Machine Learning Project

Project Description

This is an opportunity for you to explore an interesting machine learning problem of your choice. Your project may be based on a real-world data set, or it may be theoretical in nature but grounded on a real problem.

One of the best ways to identify a project topic is to choose a domain that interests you and identify problems in that domain. Let the problem drive your choice of technique, rather than the other way around.

You may complete the project as an individual or with a partner; however, I strongly encourage you to work with a partner on this project.

Your project will include three deliverables (turn in only one copy per team):

A one-page (single spaced) project proposal, due in hard copy on April 4th.
A presentation of your project to the class during the final exam slot during the week of May 1st.
A final project report in the format of a 4-6 page AAAI paper.

This final project is worth 25% of your course grade. The breakdown of that 25% is as follows:

Initial project proposal and meeting - 15%
Presentation - 25%
Final paper and project - 60%

You only have a little over one month to complete the project, so keep the scope small and start early!!

Project Proposal (due April 4th)

Read the list of project ideas and potential data sets, and then describe your proposed project in a one-page (single spaced) proposal. This proposal is due in hard copy on the date listed above.

If you are doing a project based on a real-world data set, you are encouraged to use one of the data sets described below, because they have been successfully used for machine learning in the past. If you prefer to use a different data set, I will consider your proposal, but you must have access to this data already and present a clear proposal for what you would do with it.

Your proposals should include the following information

Project title
Teaming information (if any)
Data set - one sentence description and source
Project idea, including a clear description of the problem and your approach to solving it
A brief description of the steps you will take to complete the project
A list of 1-3 related references that you will read.

Each individual/team will be required to meet with me for ~20mins during the week of April 4th to discuss your project.
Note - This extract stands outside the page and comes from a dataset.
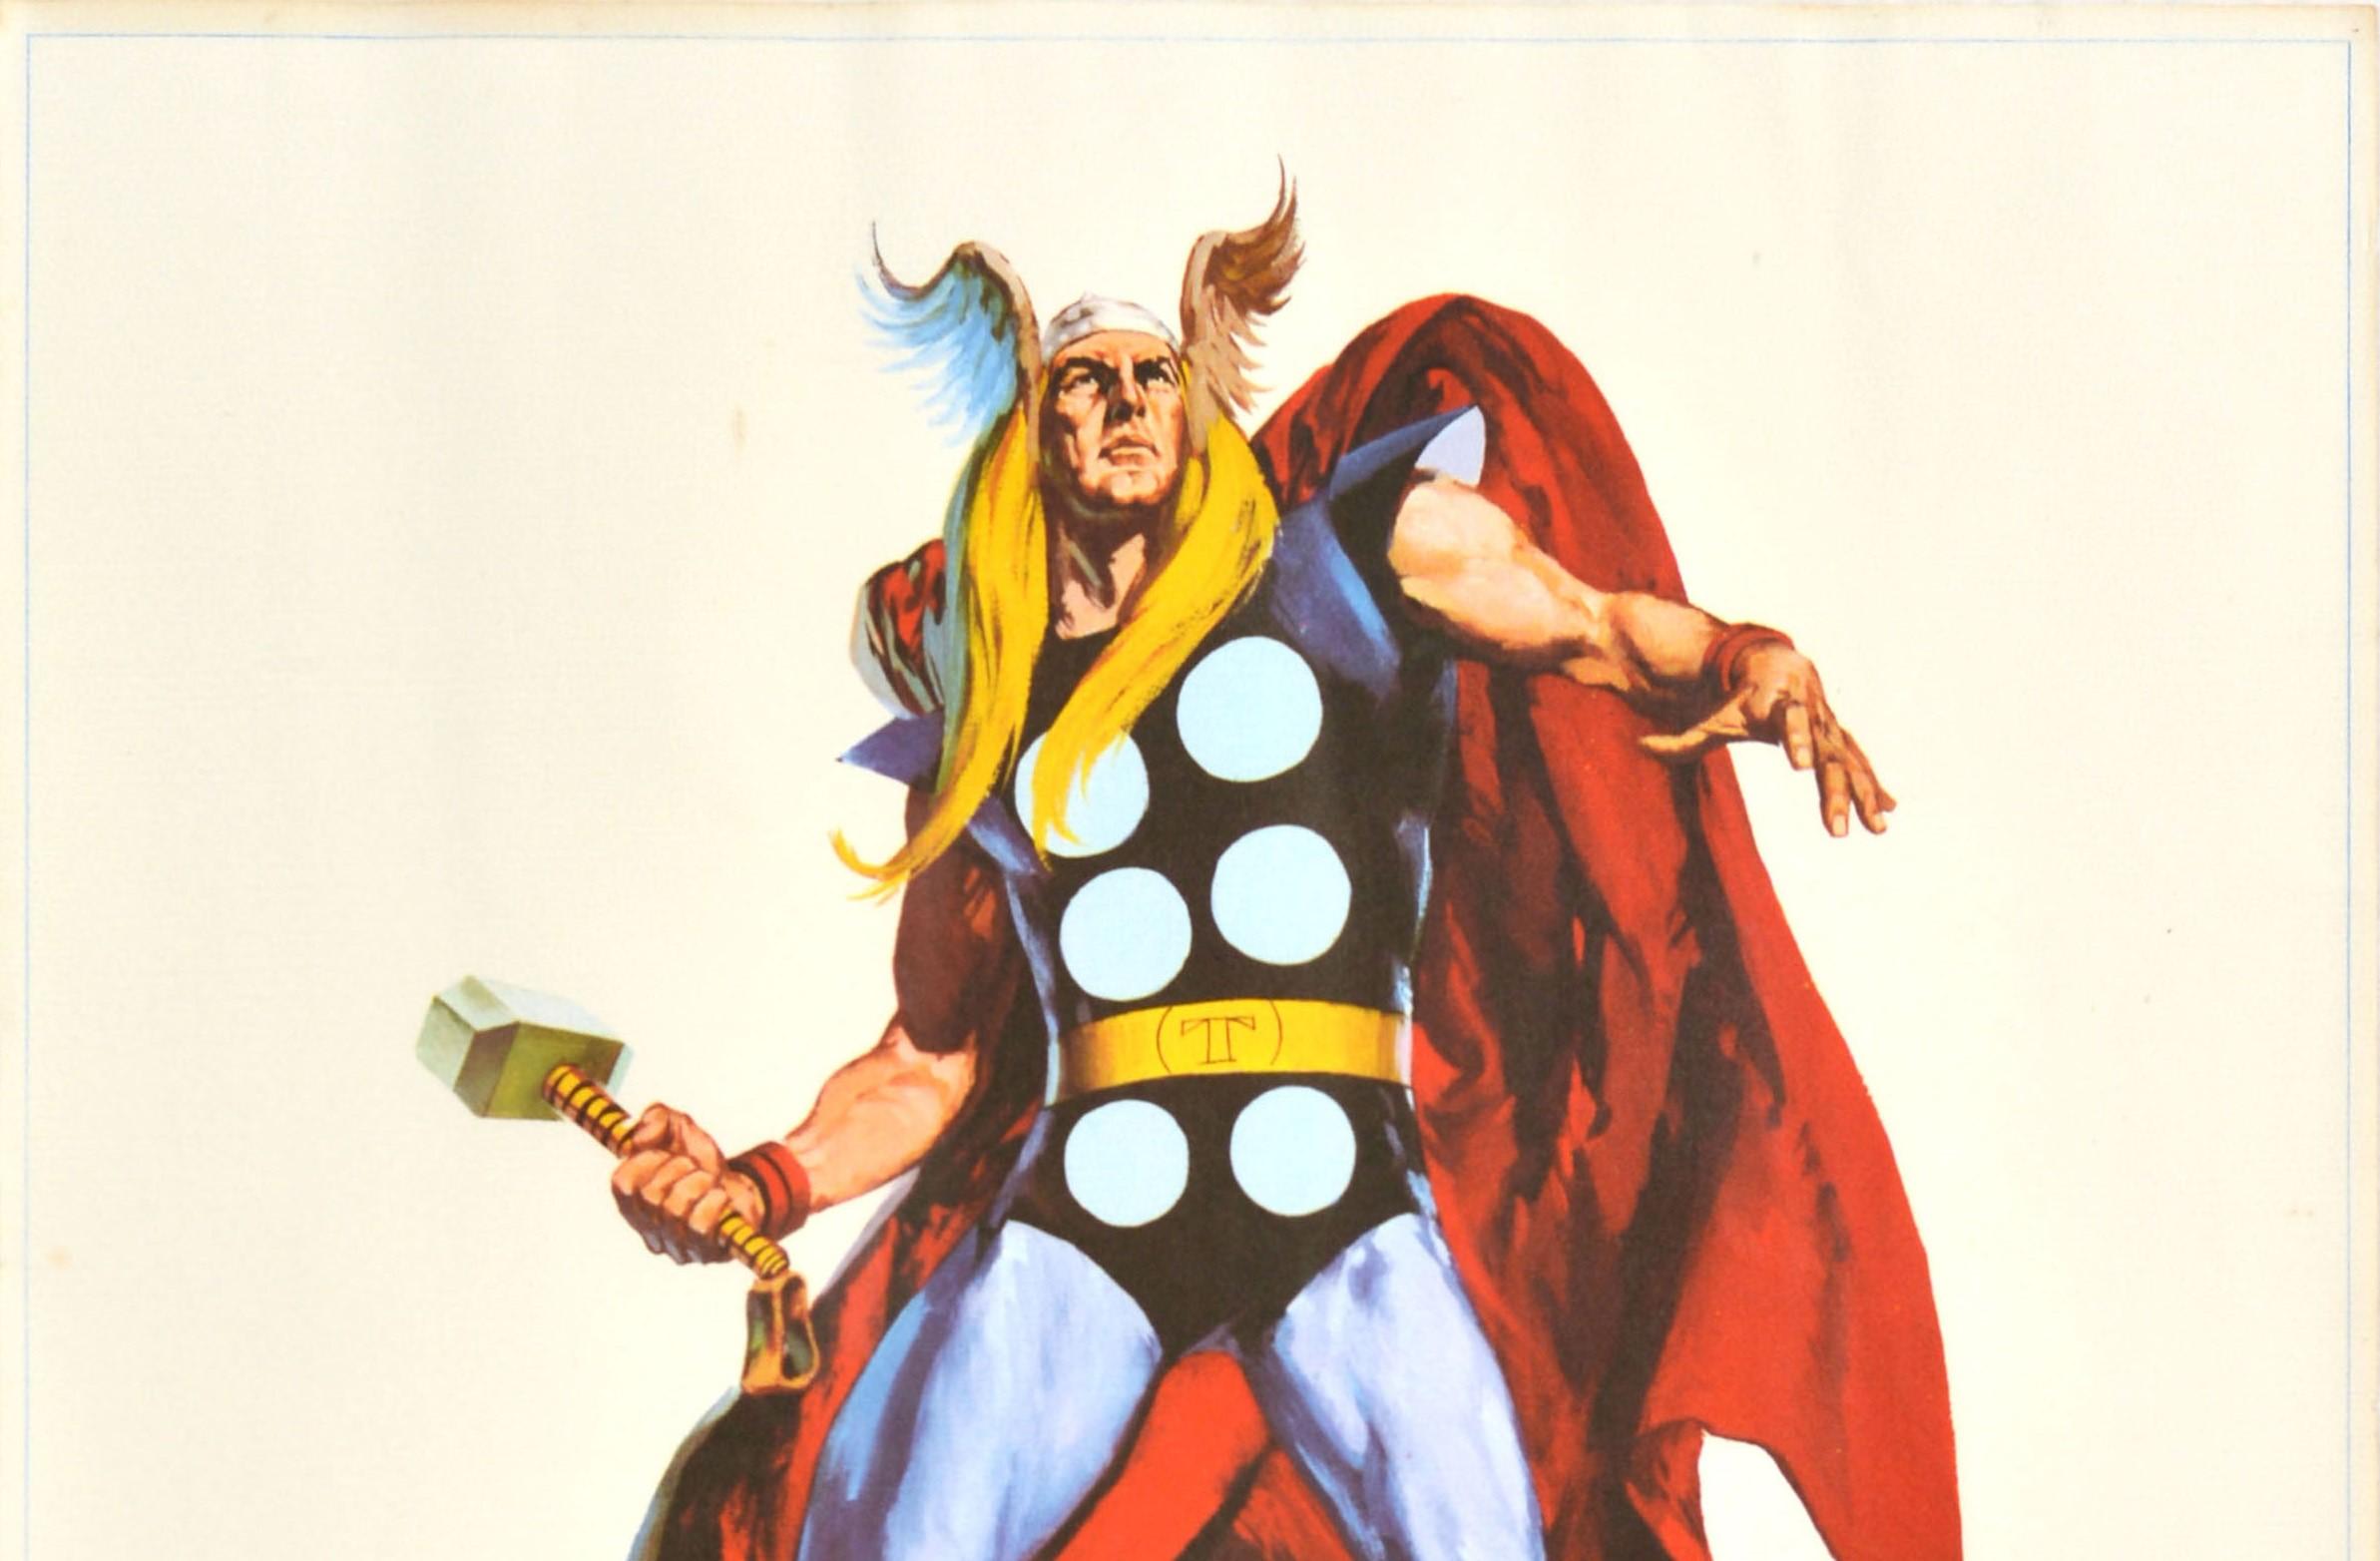 Original Vintage Marvel Film Poster Ft. Thor Animated Comics Superhero Movie Art - Print by Lopez Espi

Project Presentation (during the scheduled final exam slot; late submissions will not be accepted)

Your project presentation should be 15 minutes long (this is a hard cut-off) with 5 minutes for questions. You should cover all the topics described below for the project report.

Project Report (due Friday, May 6th for seniors and Wednesday, May 11th for non-seniors; late submissions will not be accepted)

Your final project report must be in the format of a 4-6 page AAAI paper. You should use one of the templates available at http://www.aaai.org/Publications/Templates/AuthorKit.zip. The strict 6 page limit includes all references. Your paper should sufficiently describe your project, including:

An abstract
An introduction, describing the problem your are solving, the motivation for it, and a brief summary of your approach
A brief survey of related work and background material on your project. This related work must include at least 2 conference or journal papers outside of the class readings.
A description of your technical approach, using proper mathematical notation and formatting
Your experimental methodology, description of your data set, the results you found (formatted as either tables or plots with proper labels and captions), and a discussion of your results. If you did a theoretical project, you should have an expanded technical approach instead of this section.
A brief conclusion
A list of references in properly formatted AAAI style

Project Ideas

You are welcome to use one of these ideas or come up with your own.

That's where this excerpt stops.